To minimize the loss of the loss function, it is assumed that the left subtree node is L and the right subtree node is R after splitting, so the expectation maximization is as follows

$$\begin{array}{cc}\hfill \mathrm{Gain}& =Obj-Ob{j}_L-Ob{j}_R\hfill \\ \hfill & =-\frac{1}{2}\frac{{\left(G_L+G_R\right)}^2}{H_L+H_R+\lambda }+\gamma T-\left(-\frac{1}{2}\frac{G_L^2}{H_L+\lambda }-\frac{1}{2}\frac{G_R^2}{H_R+\lambda }+\gamma (T+1)\right)\hfill \\ \hfill & =max\frac{1}{2}\frac{G_L^2}{H_L+\lambda }+\frac{1}{2}\frac{G_R^2}{H_R+\lambda }-\frac{1}{2}\frac{{\left(G_L+G_R\right)}^2}{H_L+H_R+\lambda }-\gamma ,\hfill \end{array}$$

(15)

where $Obj$ is the value of the node before it is split, $Ob{j}_L$ is the value of the left leaf node, and $Ob{j}_R$ is the value of the right leaf node.

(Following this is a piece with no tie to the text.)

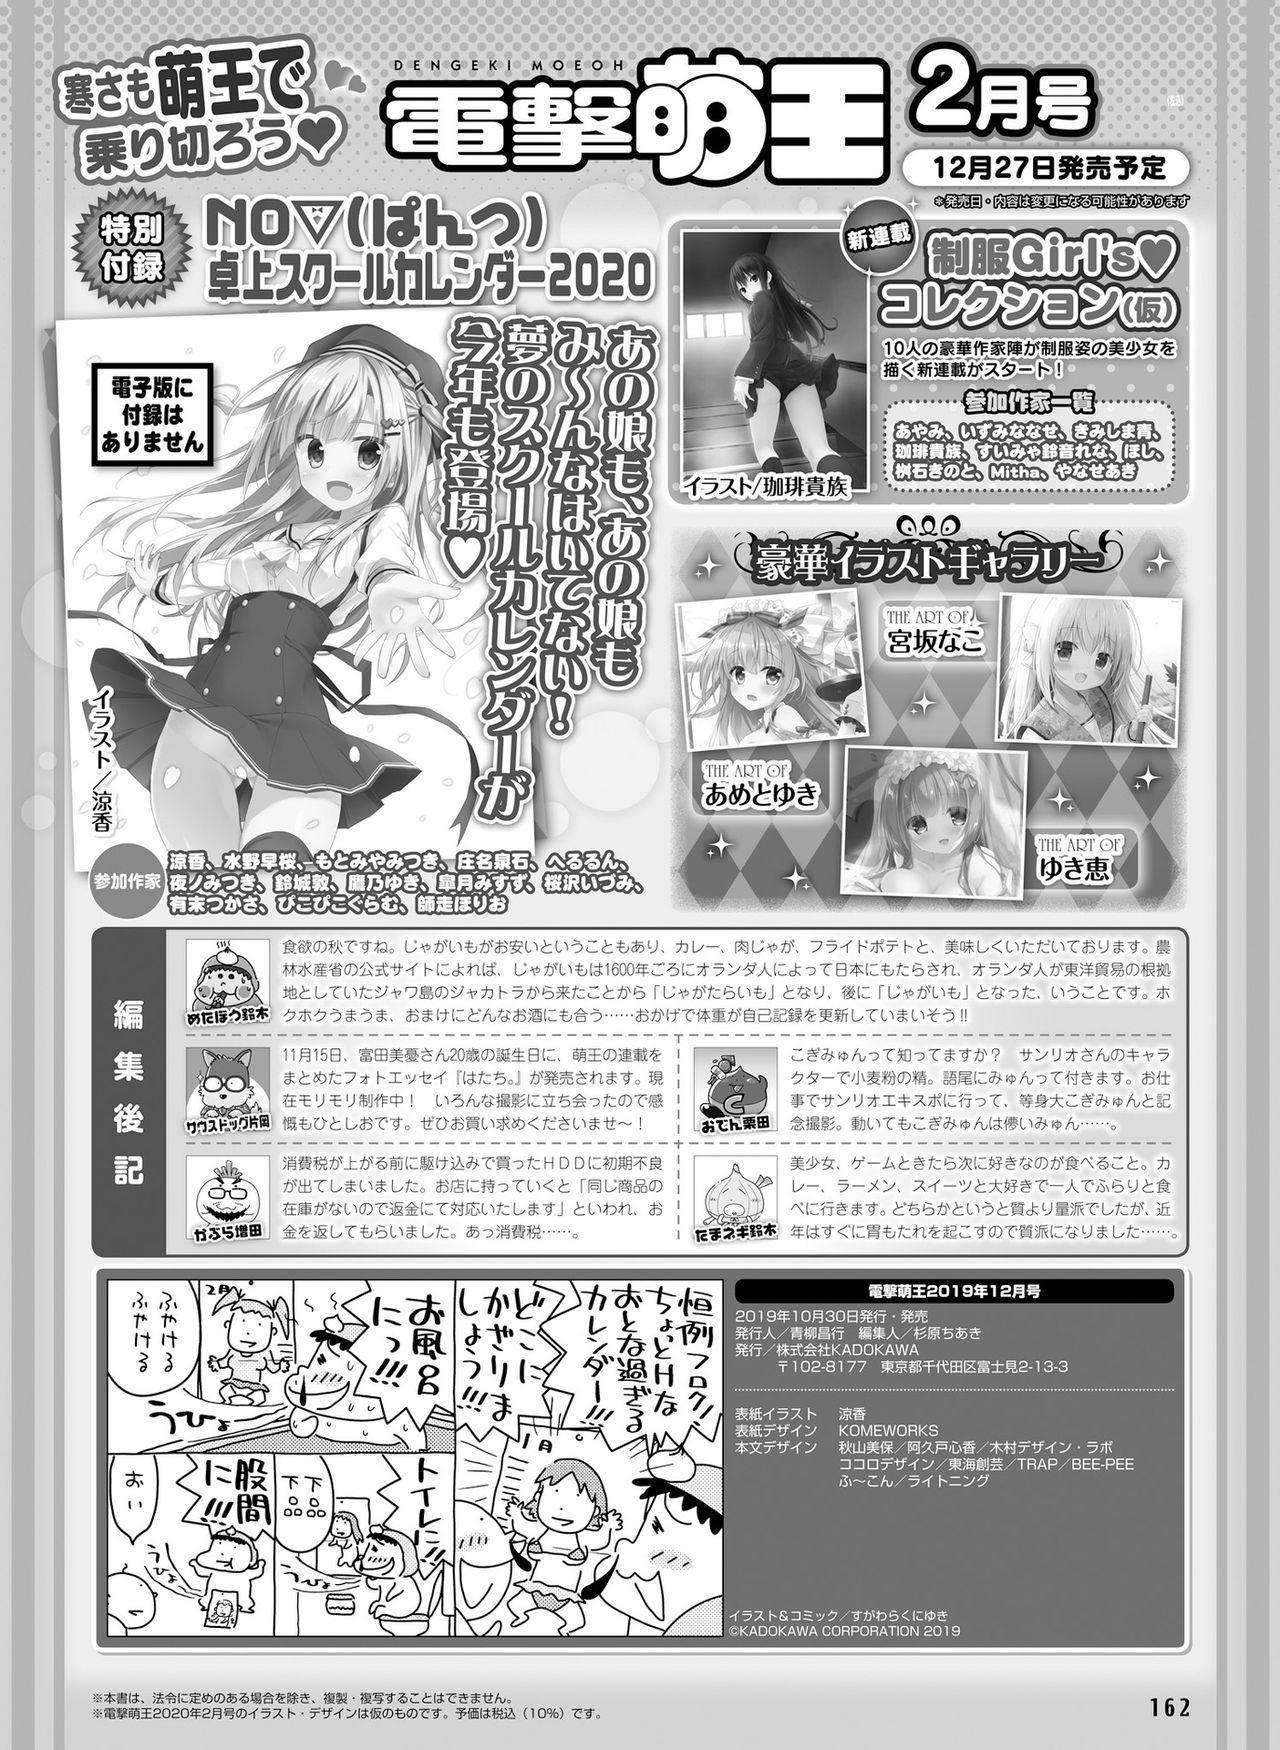 Dengeki Moeoh 2019-12 149

Based on the above formula, if the maximum value is 0, the current decision tree is established. After calculating the optimal solution of all leaf nodes, the weak learner is obtained, and then the strong learner is updated to enter the next round of weak learner iteration.

3.4. Application in Education

Figure 3 demonstrates the powerful connection between computer technology and poetry education through the application of the XGBoost-MCP model in literature education. The model offers significant advantages to learners and researchers of poetry, allowing them to classify poems accurately and objectively without the need for extensive experience. Traditionally, learners would have to spend a lot of time and effort reading to gain the necessary literary experience required for accurate poetry classification. However, the XGBoost-MCP model proposed in this paper provides learners with a faster, more efficient approach to classification that saves them time and energy.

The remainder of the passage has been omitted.